In a tiny box of a room with no windows to keep out the freezing winter air sits Nazrin and her nine year old son Bashir. Tears pour down Nazrin’s face as she explains what has happened to her and her son since the Taliban took control of Kabul one and a half years ago. Before they arrived she taught in the Polytechnic where she was also provided with a staff apartment. Overnight her life changed.

Under the Taliban, women have been forbidden from work. They must not leave their homes unless covered in the all enveloping Burque which leaves a small piece of mesh across the eyes to enable the wearer to see. Women should not wear shoes which are either high heeled or that make any noise in case of attracting the attention of men and they are forbidden absolutely from talking to men in public places unless they are married.

Education for girls has been stopped and in an attempt to carry on teaching, illegal schools have been started in peoples homes where it is not uncommon to find up to twenty little girls learning to read and write. The punishments bestowed on the children, their families and more so, their teachers if they are found are extreme, the Taliban favour steel cables to beat people with. The little girls in these classrooms must sneak in and out of the buildings which house their schools and must lie about what they have done in the day for fear of Taliban retribution.

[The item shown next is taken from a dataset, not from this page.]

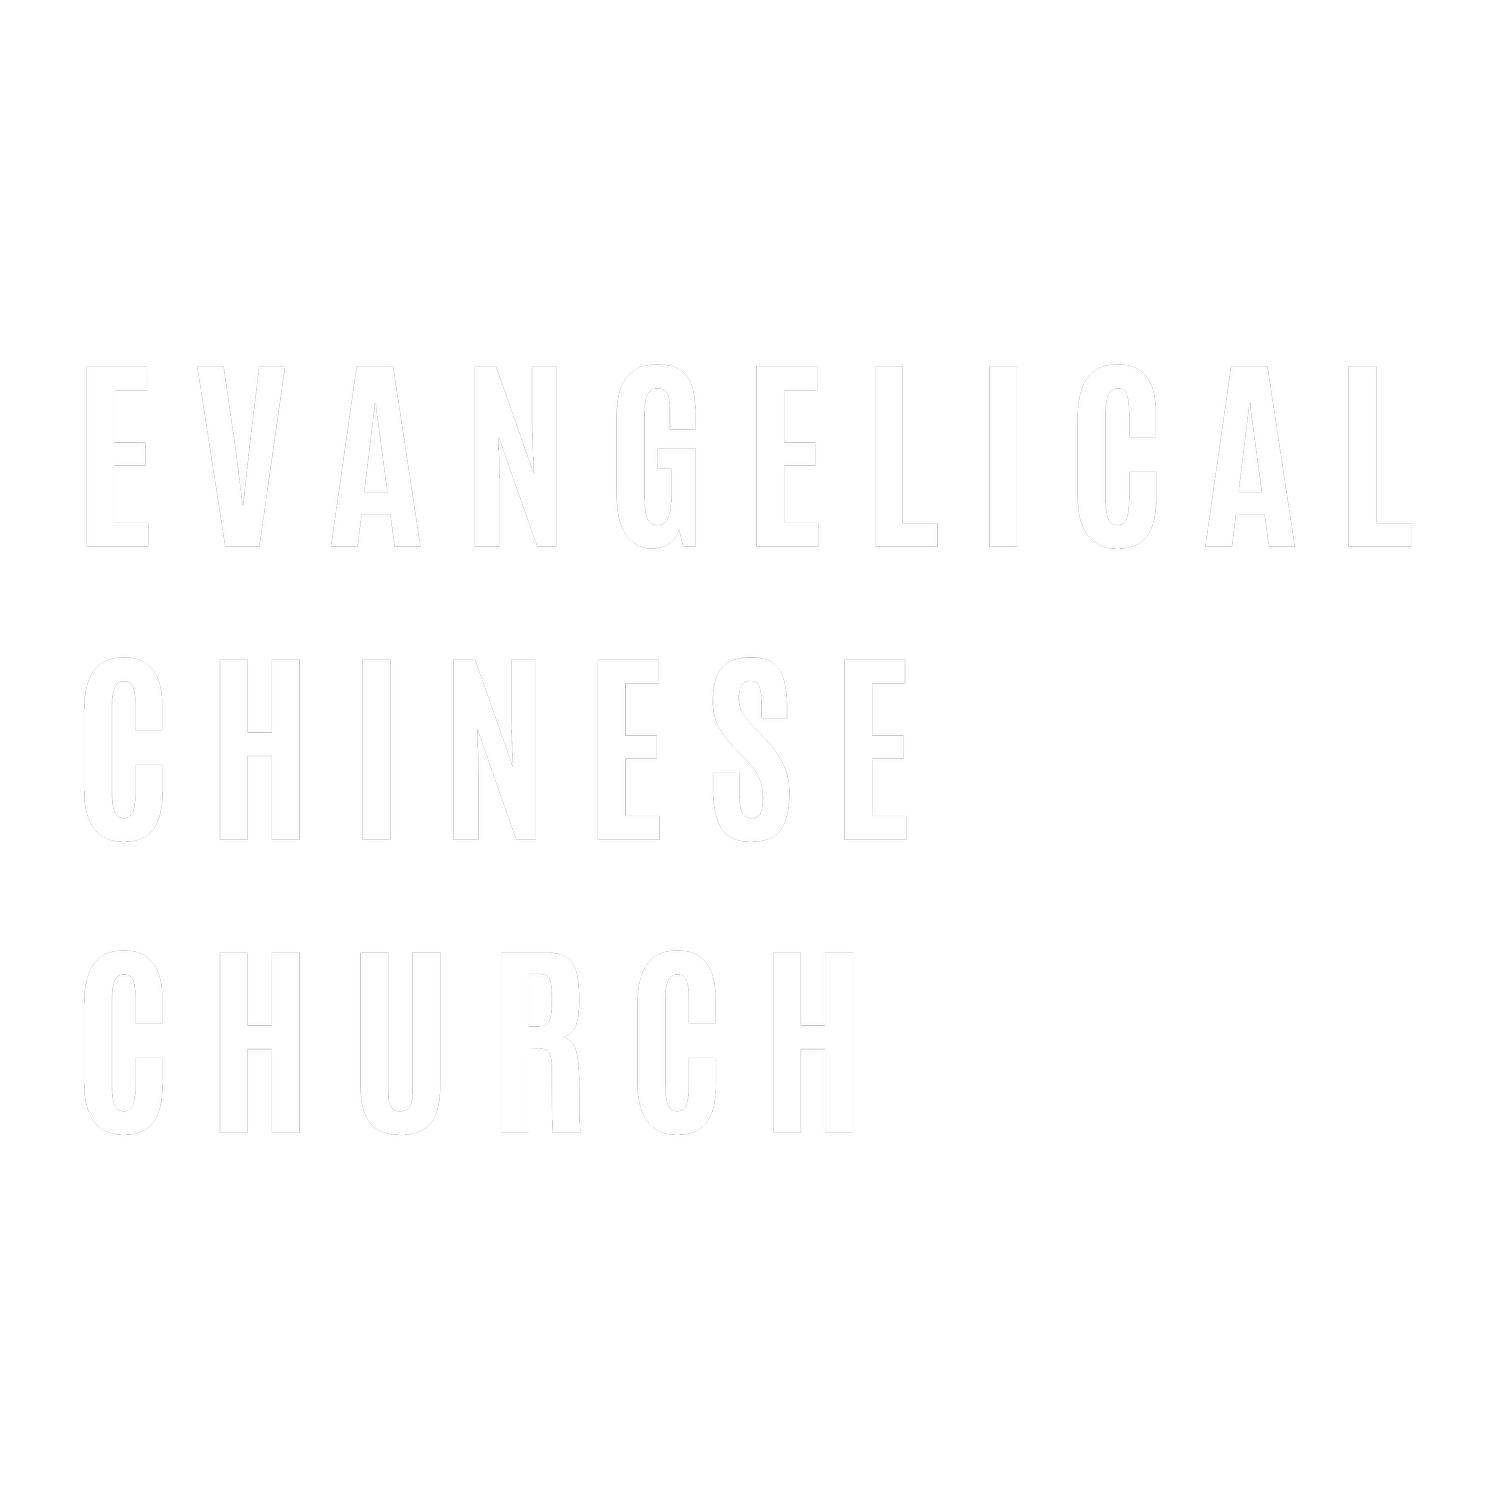 EVANGELICAL CHINESE CHURCH

Suicide rates among women have risen dramatically as women driven by extreme poverty are forced to take their lives and sometimes those of their children. In a country where 60 per cent of the population is female due to the many years of fighting, many families have depended on their mothers to support them. That support system has now been denied and the women begging on the frozen Kabul streets or searching in the drains for weeds to eat attest to this

Health care facility have fallen dramatically for women in Taliban controlled areas with many hospitals for women being shut down altogether. The Taliban have taken the view that Gynaecology is a subject of amusement and embarrassment rather than necessity for women and try not to address the need for it.

Beatings on women by Taliban or their religious police is common place and there is a tangible feeling of fear in Taliban controlled areas such as Kabul. There are reports of women having their lips cut off for wearing make-up.

It is illegal to photograph any living being in Taliban areas and so the risk these women took in allowing pictures to be made of them is enormous but they did so in the belief that their stories should be told.

In Jalalabad, Anisa spits when she talks of the Taliban, They are inhuman, they are like wild animals she says The rest of the world is moving forward and we are moving back.